Teacher: "Be quiet and answer my questions. Do you think Jesus would've used cocaine?"
Students: "..."
Teacher: "Why won't any of you answer my question?"
Students: "..."
Teacher: "Didn't any of you study your lesson? Why aren't you participating?"
Student 1 (thinks this is stupid): "...You said to be quiet. And we already answered your question."
Student 2 (asleep): "...zzz..."
Teacher (floundering - why isn't this going well?): "Please pay attention. Answer my question. Would Jeus have used cocaine?"
Student 1 (frustrated): "No!!!"
Student 2 (drooling): "...zzz..."
Teacher (good, they answered - we're back on track): "And would Jesus want you to use cocaine?"
Student 1: "ARGH!!!!"
Student 2: "...zzz..huh?"

Real discipleship needs depth - and the freedom to ask questions, not just answer them - questions that don't necessarily have yes or no (or any) answers.

Real discipleship requires community.

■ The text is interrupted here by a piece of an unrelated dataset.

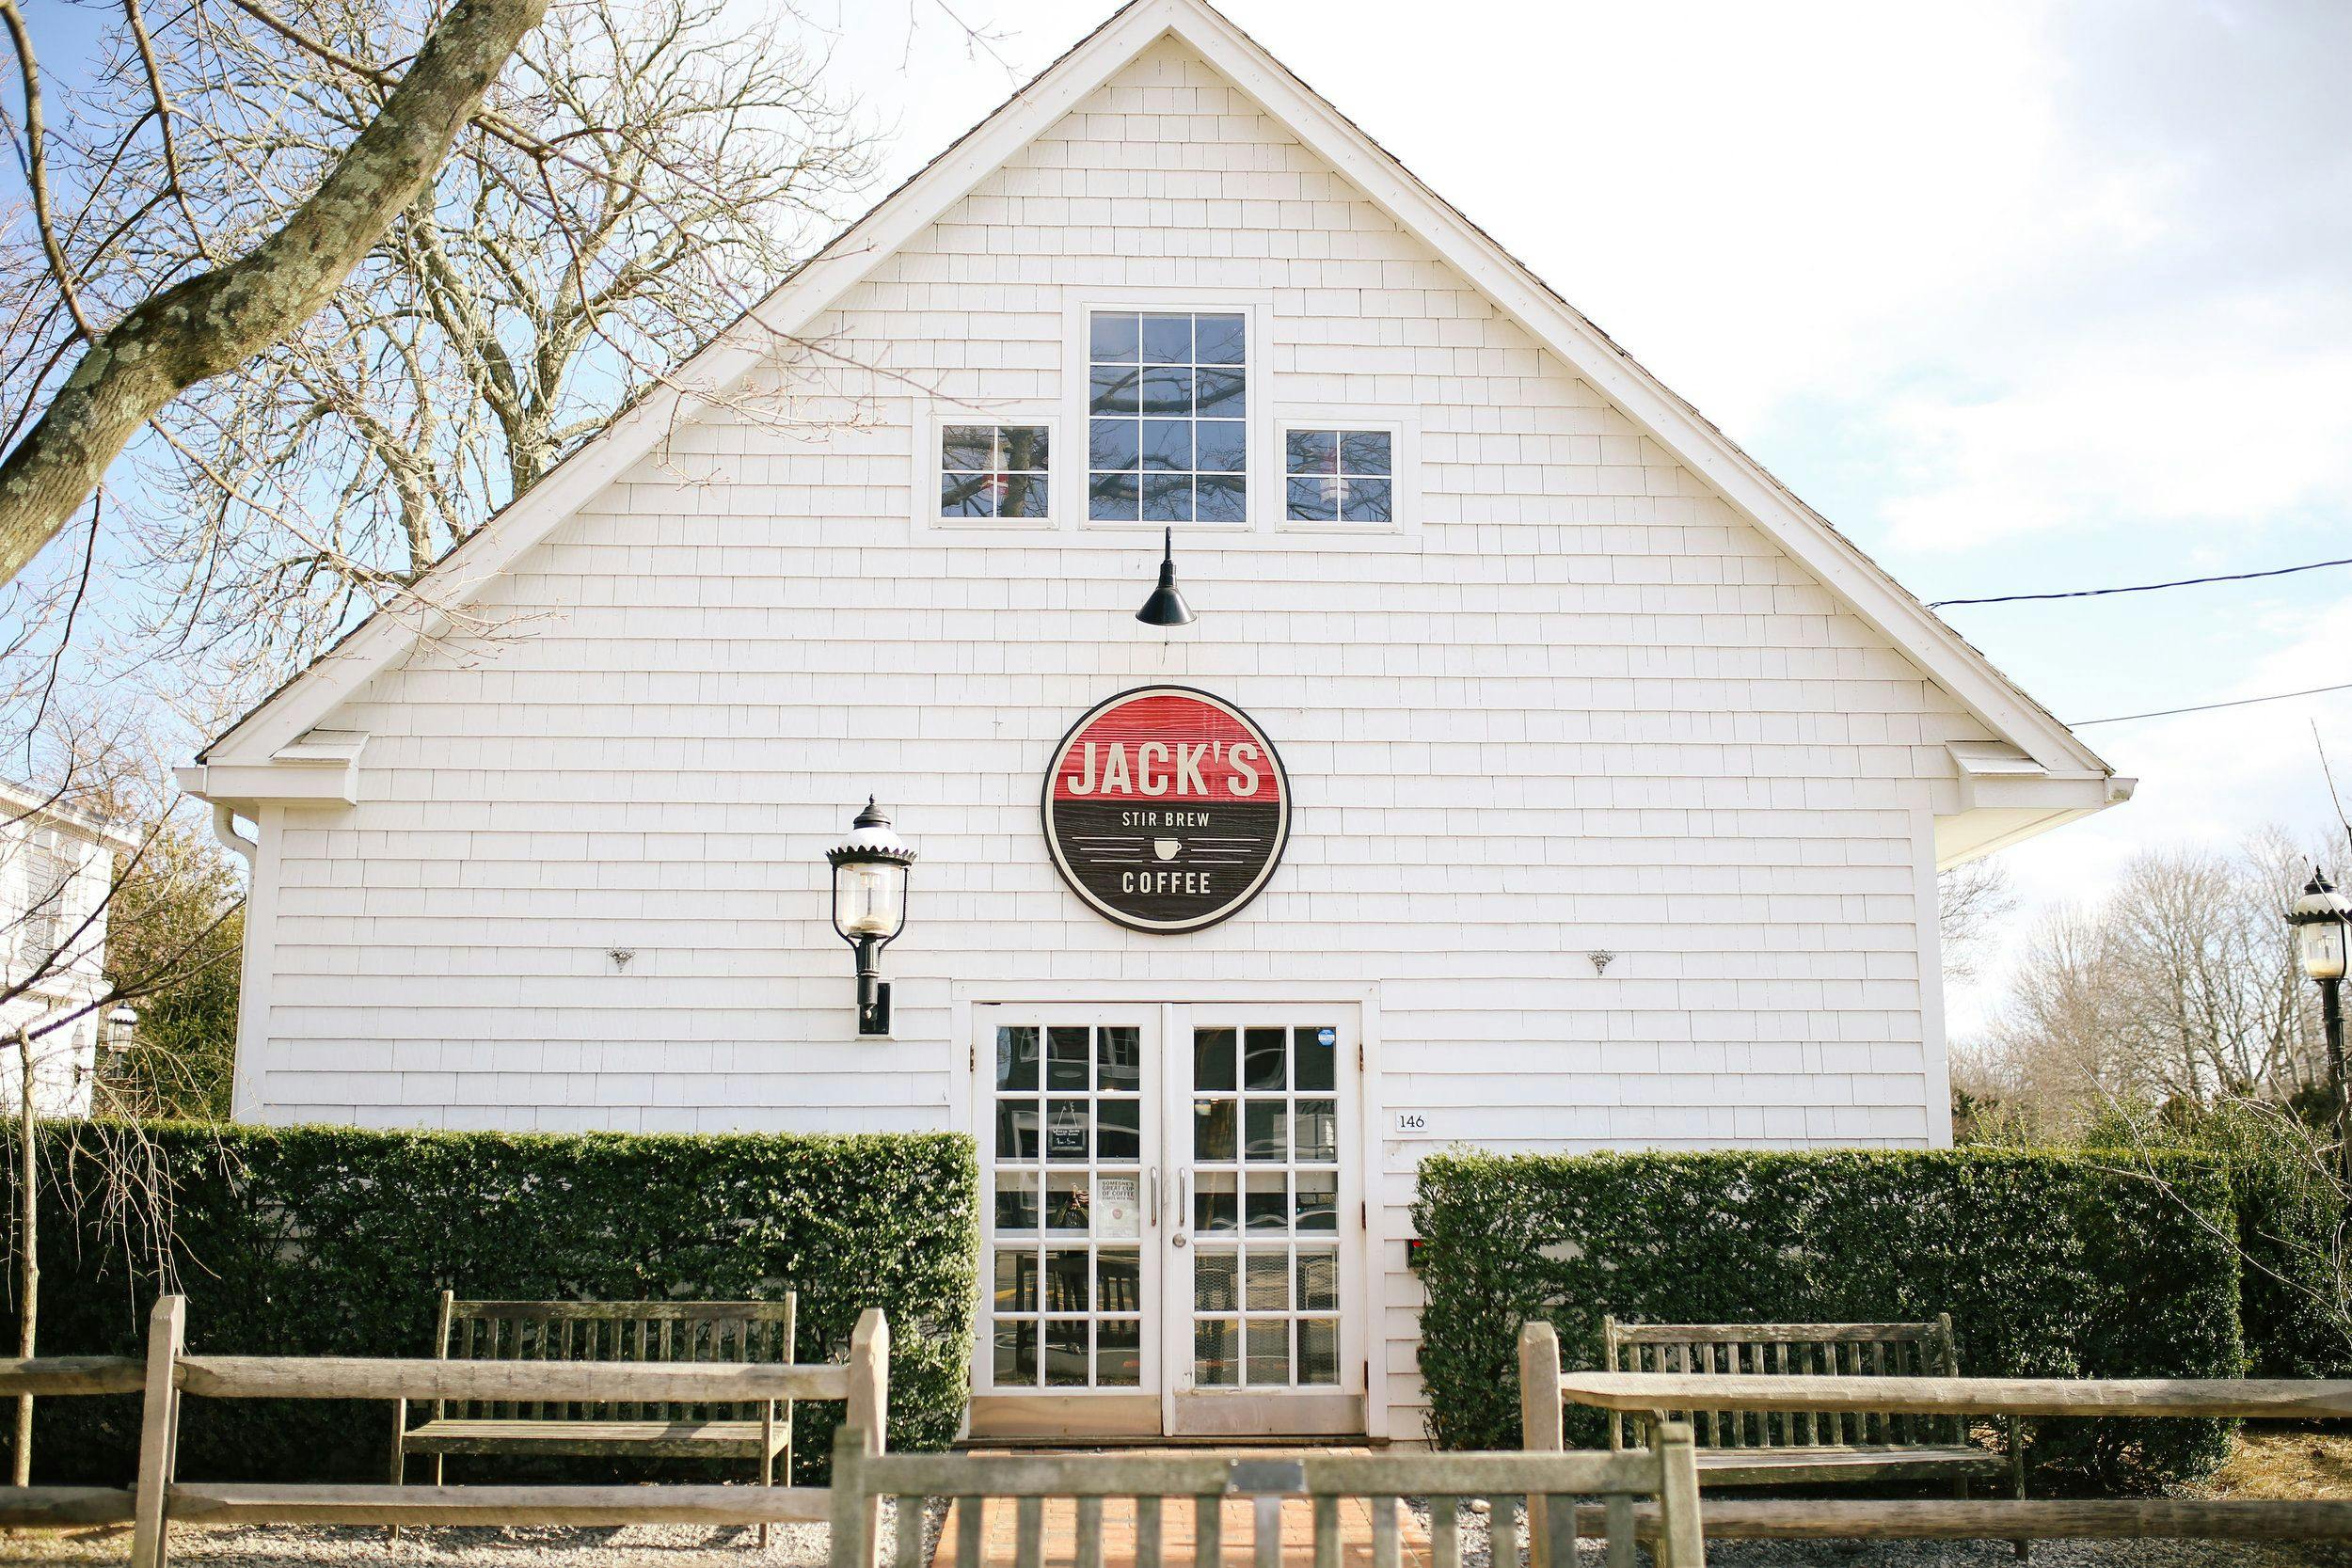 Jack's Stir Brew Coffee Ourdoor Retails Space in Amagansett, Long Island

Not just people we hang out with, but relationships with those who know us well, who see - or don't see - transformation, and helps us to see (or not see) that as well. Spiritual Directors do something similar when they help a directee to "attend to the work/presence/voice/etc. of the Spirit" in their own lives.

Real discipleship also, it seems to me, has to include challenges to *do*, not just to *hear* or *repeat* or *memorize.* Referring back to part 1 - we are to act. We are on mission. Discipleship involves us in the mission, helps us to understand that the mission is central to who we are, if we're disciples of Jesus.

I want...

No, yearn...feel be part of a community where real discipleship - with depth, transformative relationships, and missional action - can take place.

My hope, dream, and prayer, is that as I look for places to serve in church, I will be brought to that kind of place. Not necessarily that they've arrrived at that place...but at least that they're willing to go looking for it.